1: Der Artikel basiert auf folgender Studie:

Braun, B.; Duscha, M.; Hock, A.-L.; Kern, W.; Wündsch, M.; Würth, A.: Briefing Paper: Selected human rights indicators in the context of current EU regulation: Towards more social sustainability in the financial and economic system – Part II: Substantial Contribution, Berlin, Heidelberg, 2022, (Downloadlink: https://www.fair-finance-institute.de/wp-content/uploads/2022/07/FaFin_DIMR_Selected-human-rights-indicators-in-the-context-of-current-EU-regulation-Towards-more-social-sustainability-in-the-financial-and-economic-system_PartII.pdf). Dieses Forschungsprojekt wurde vom Bundesministerium für Arbeit und Soziales finanziell unterstützt.

2: Nutzer des IRIS+-Rahmens sind u.a. die Bill & Melinda Gates Foundation, Rockefeller Foundation, J.P. Morgan, Inter-American Development Bank und UBS.

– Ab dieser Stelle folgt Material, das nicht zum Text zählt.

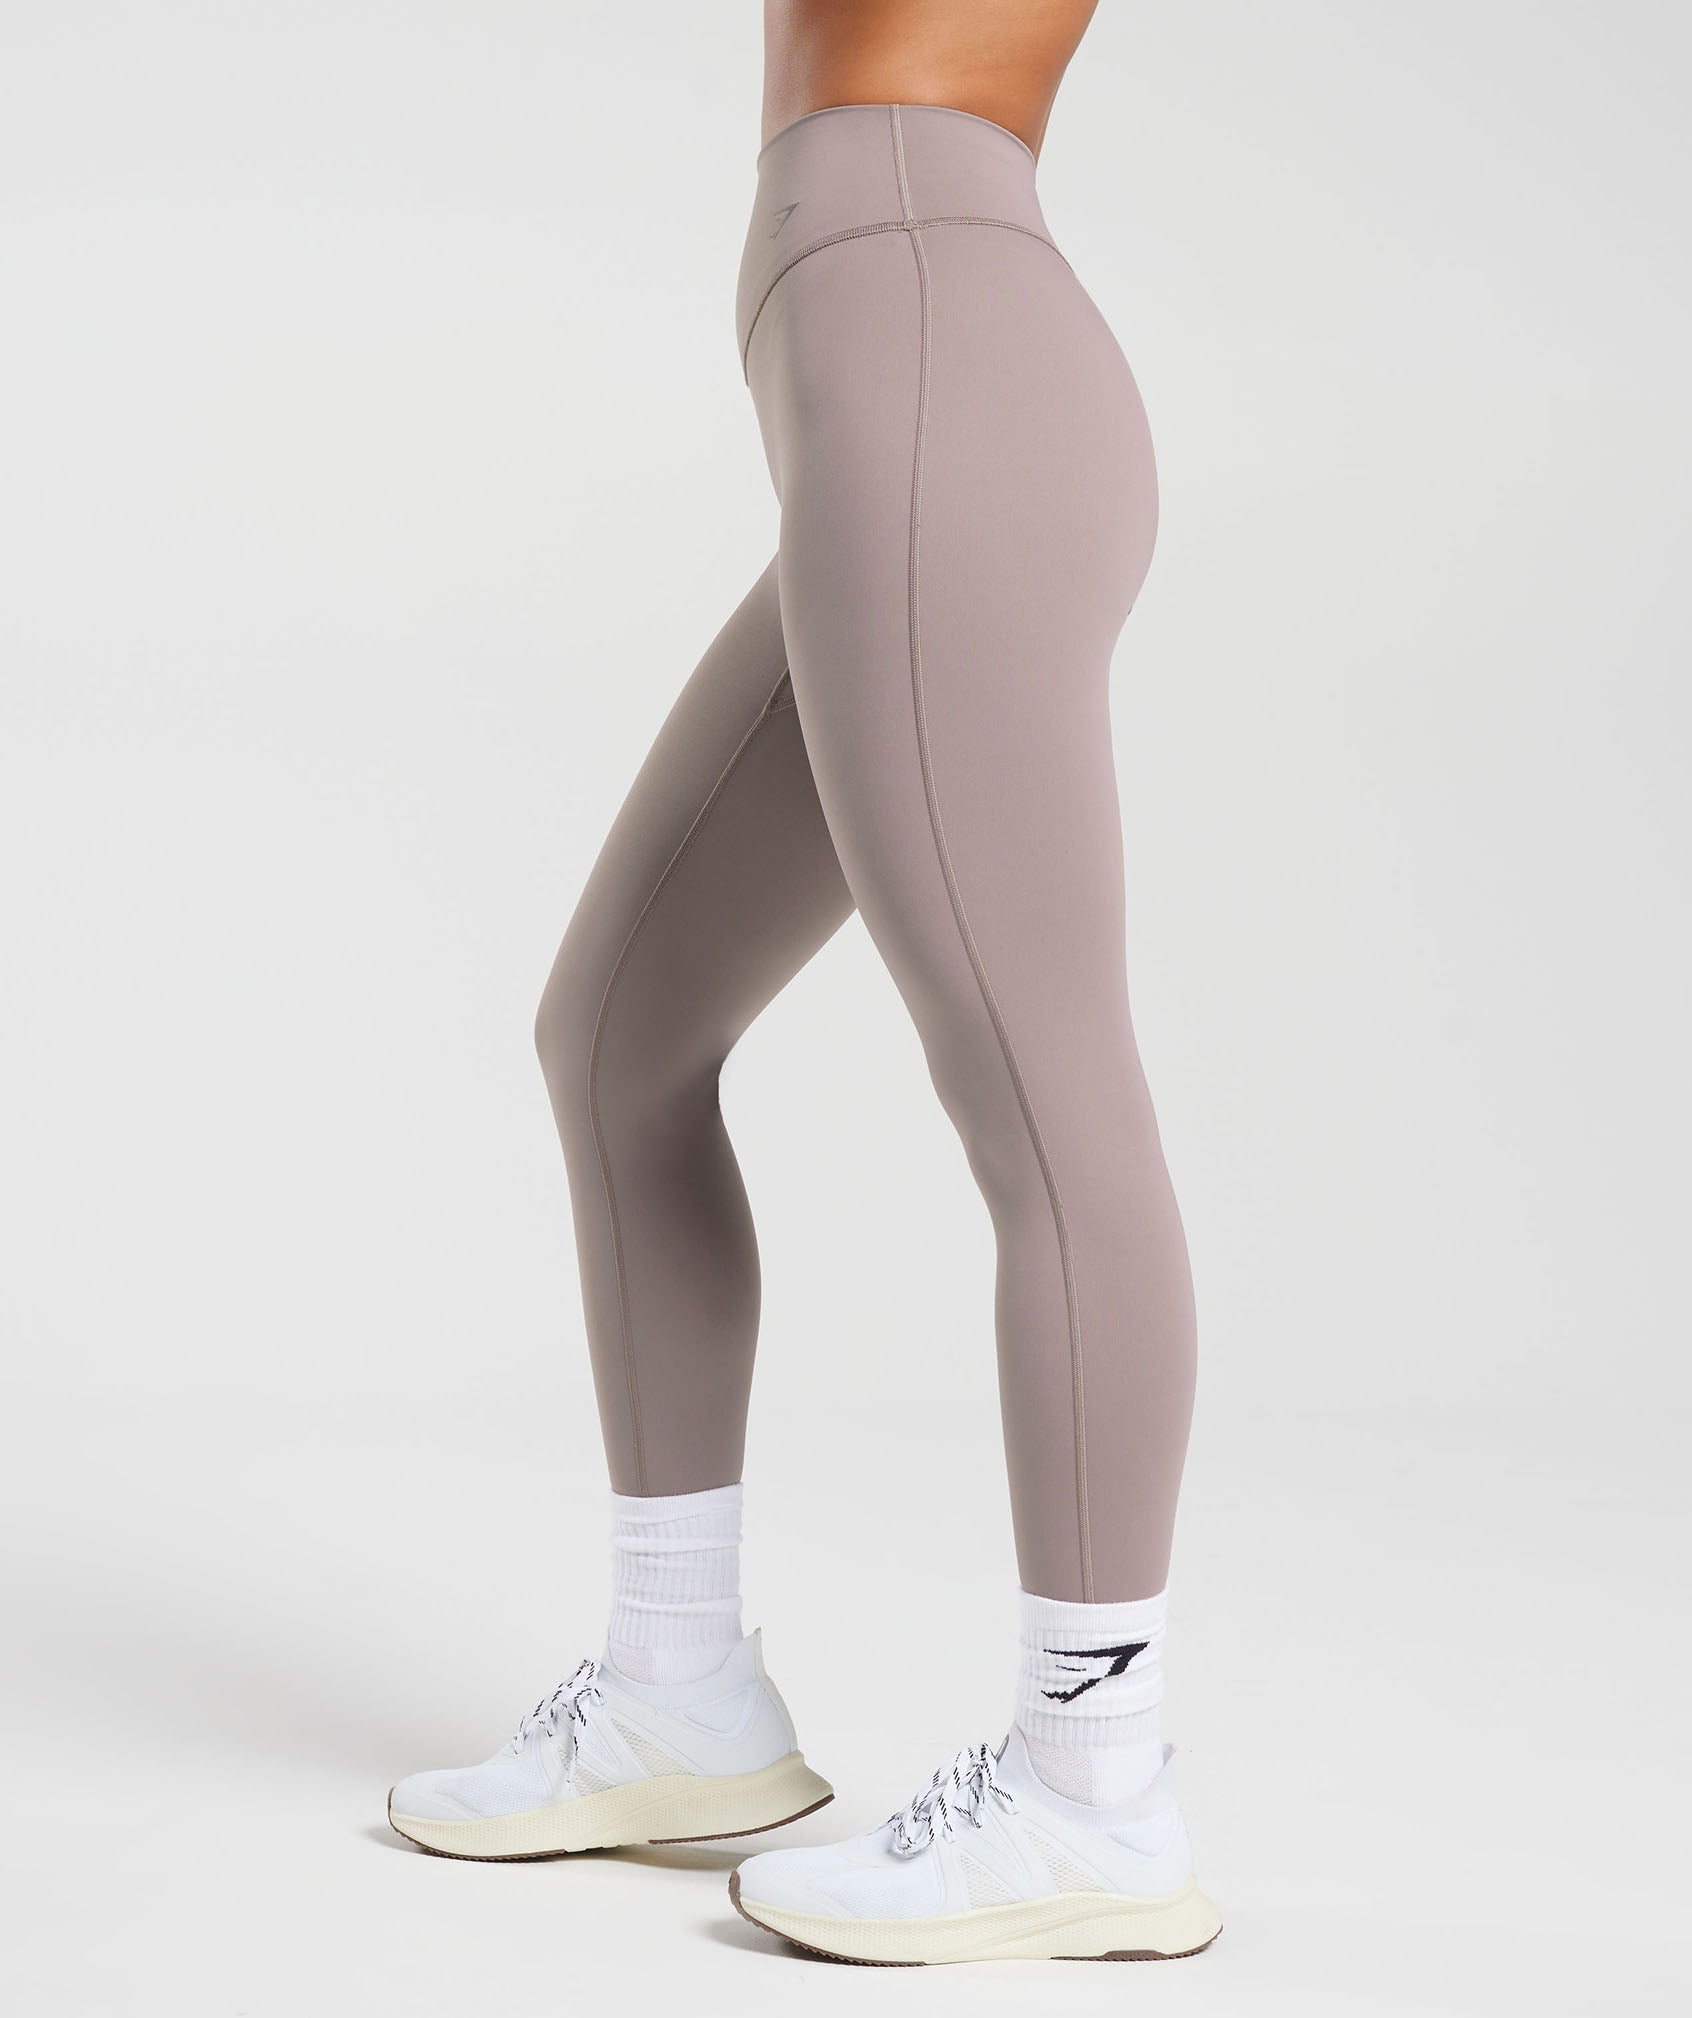 Elevate Leggings in Washed Mauve - view 3

3: IRIS+: https://iris.thegiin.org

Über die Autor:innen dieses Artikels:

Katharina Meyhöfer studiert Politikwissenschaft und Soziologie an der Universität Bielefeld und wirkt im Fair Finance Institute als Werkstudentin mit.

Markus Duscha ist Gründer und Leiter des Fair Finance Institutes (FaFin) in Heidelberg (http://www.fair-finance-institute.de/). FaFin forscht, berät und gestaltet rund um das Thema „Finanzen und Nachhaltigkeit“. Zudem ist Markus Duscha Mitglied des Sustainable Finance Beirats der Bundesregierung in der 20. Legislaturperiode.